Positive results from Supernus Pharmaceuticals' SPN 810 Phase IIa trial for ADHD

Jan 27 2010

Supernus Pharmaceuticals Inc., today announced that its Phase IIa U.S. clinical trial for SPN 810 in children with ADHD and persistent serious conduct problems met the primary endpoints of safety and tolerability, as well as showed statistically significant reduction versus baseline in conduct problems across all doses. The trial was initiated in 2009 and was a proof-of-concept, open-label study in children 6 to 12 years of age, assigned to one of four doses over a six-week treatment period, after 2-5 weeks' titration.

“The product showed reductions of 32% at the lowest tested dose and 55% at the highest tested dose in persistent serious conduct problems with aggression as a key feature”
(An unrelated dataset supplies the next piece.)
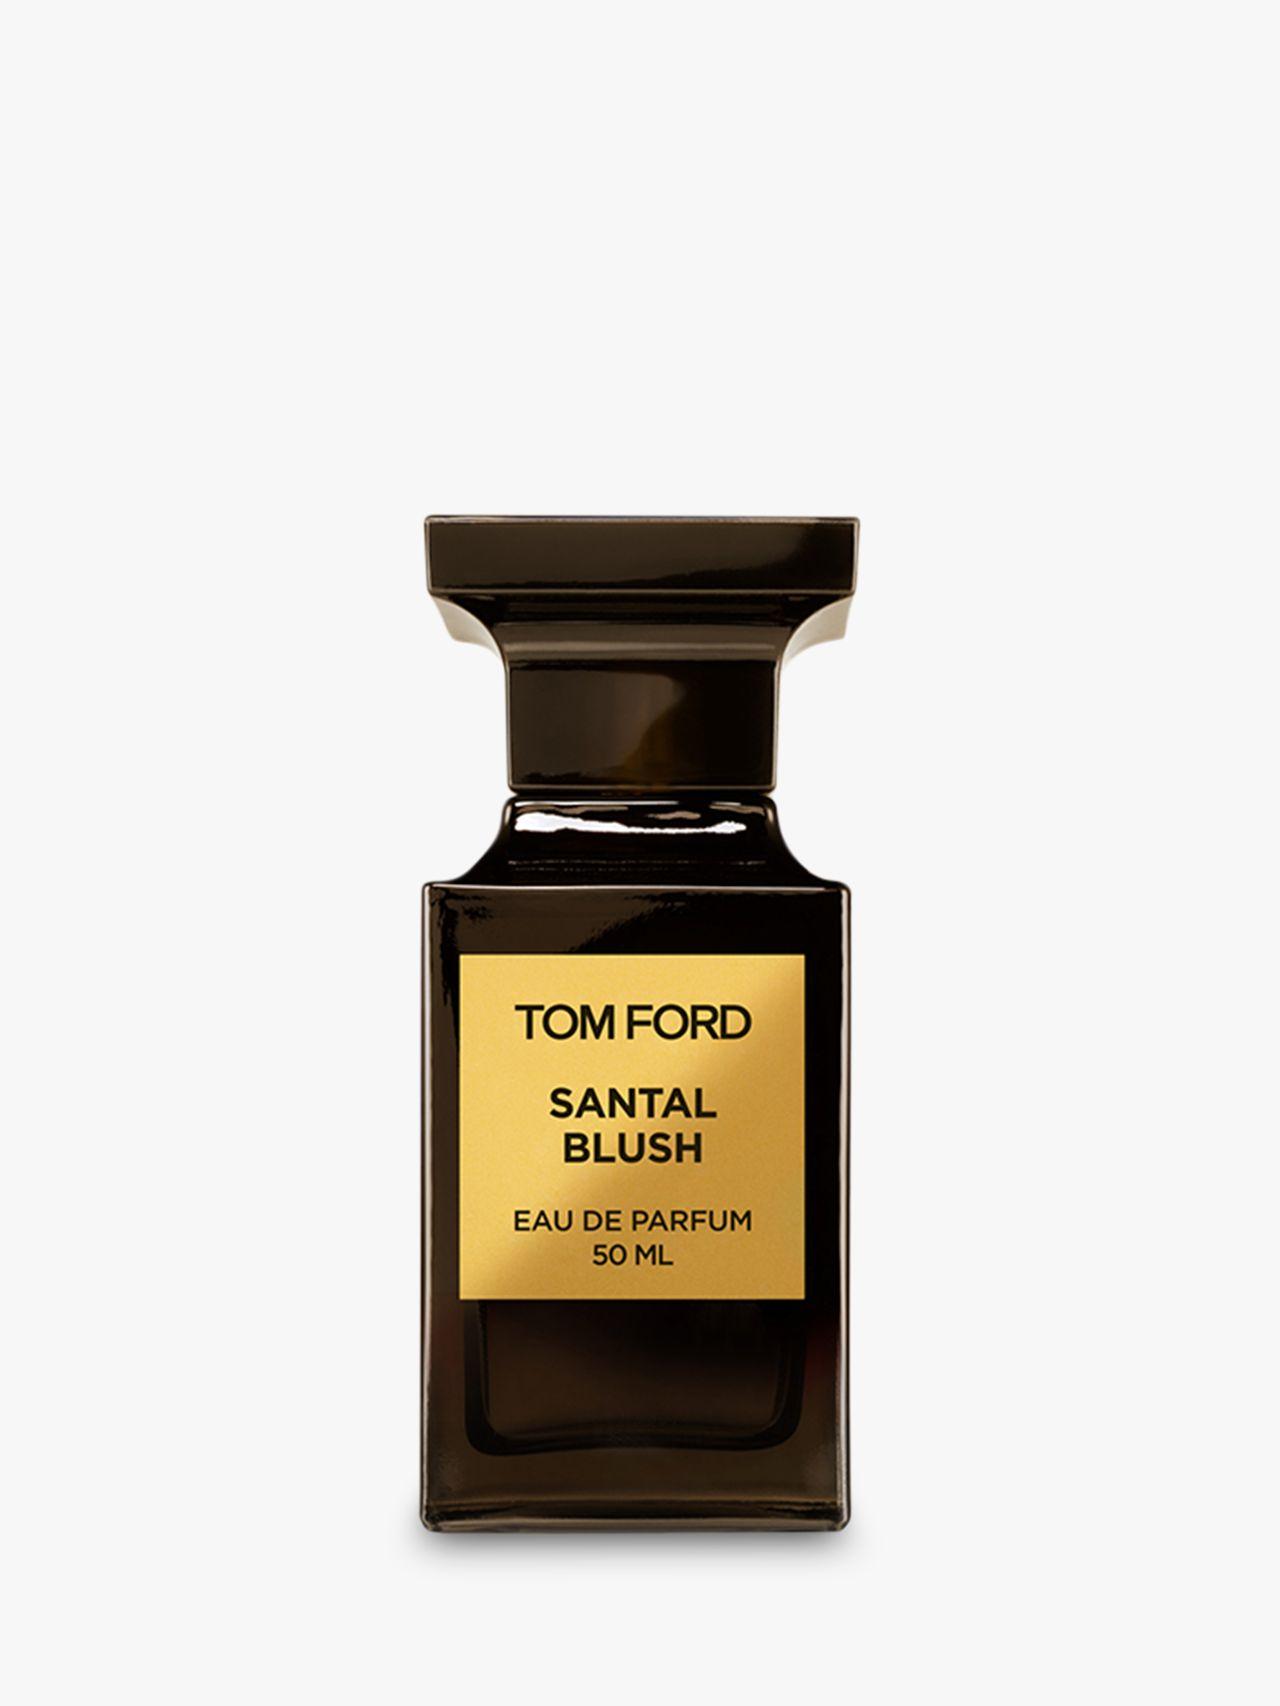 Blend Blush Tom Eau De Parfum50ml Private Ford Santal tdQshr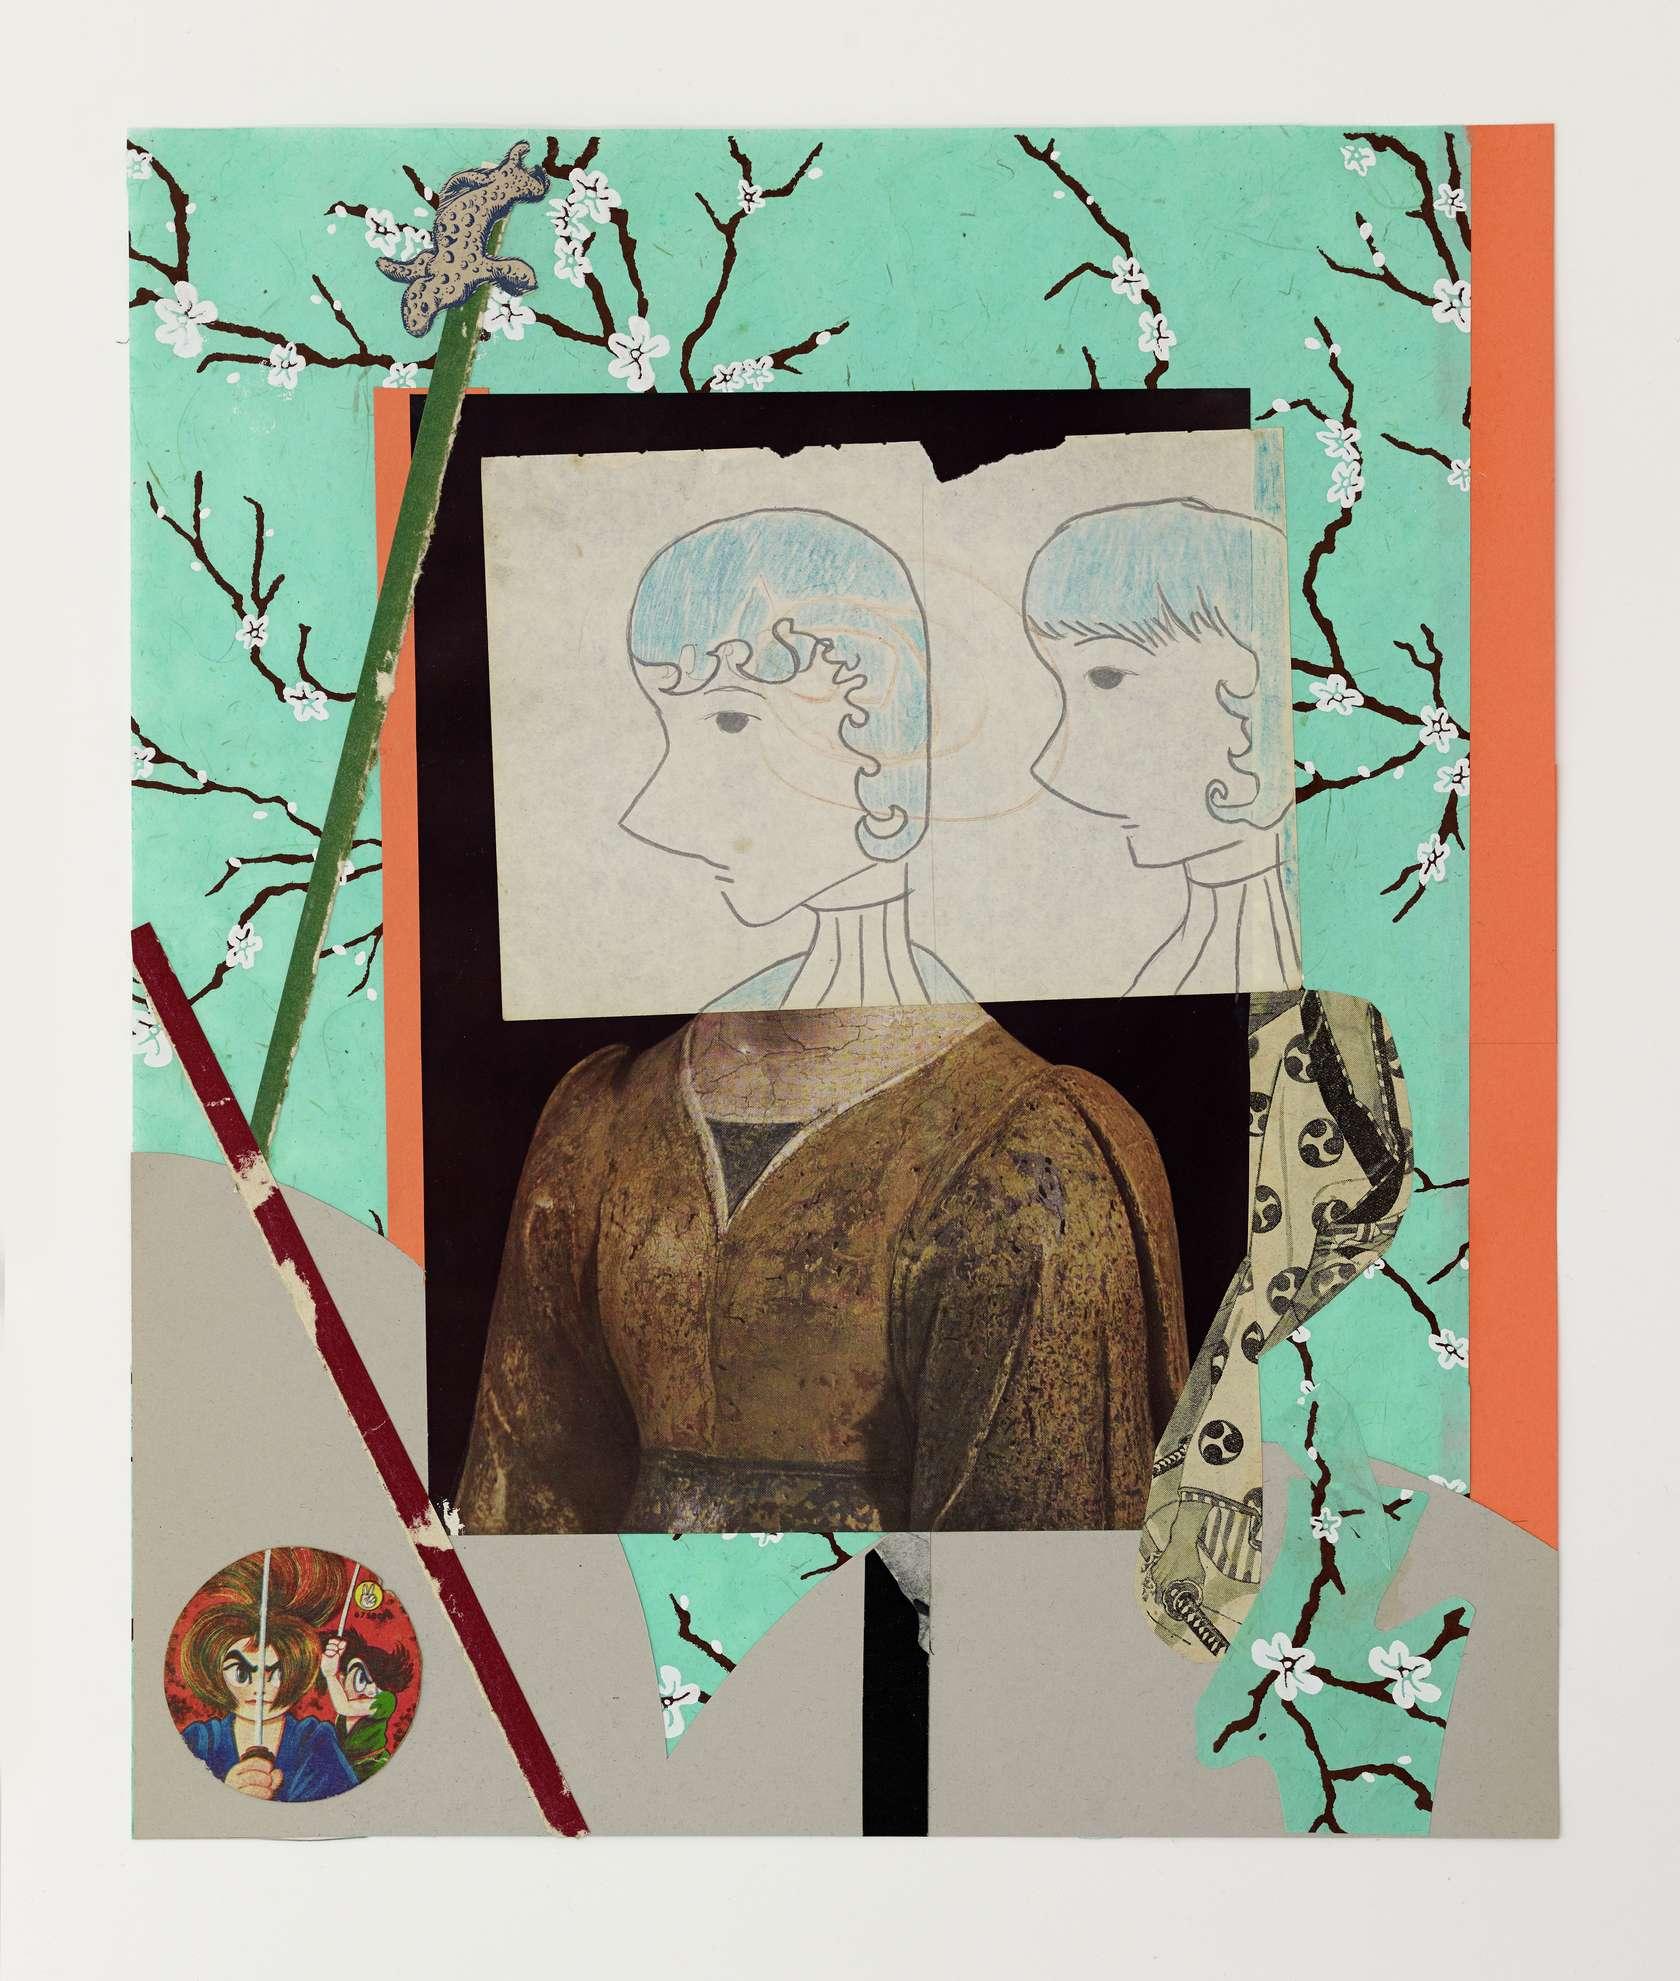 Hippolyte Hentgen, Sanjo Dori, 2019 Collage sur papier45 x 37.5 cm / 17 6/8 x 14 6/8 inches

“The product showed reductions of 32% at the lowest tested dose and 55% at the highest tested dose in persistent serious conduct problems with aggression as a key feature,” said Dr. Robert Findling, MD, the lead investigator for the study. “This is a clinically meaningful and very encouraging set of data. Serious conduct problems are quite prevalent in children with ADHD and there are currently no approved treatments for this unmet medical need.” Results were measured by the conduct problem subscale of the Nisonger Child Behavioral Rating Form (NCBRF).

“We are very excited about these positive results and the future development of SPN 810. The product is one of several programs in our emerging ADHD portfolio,” said Jack Khattar, Supernus President and CEO.

Source Supernus Pharmaceuticals, Inc.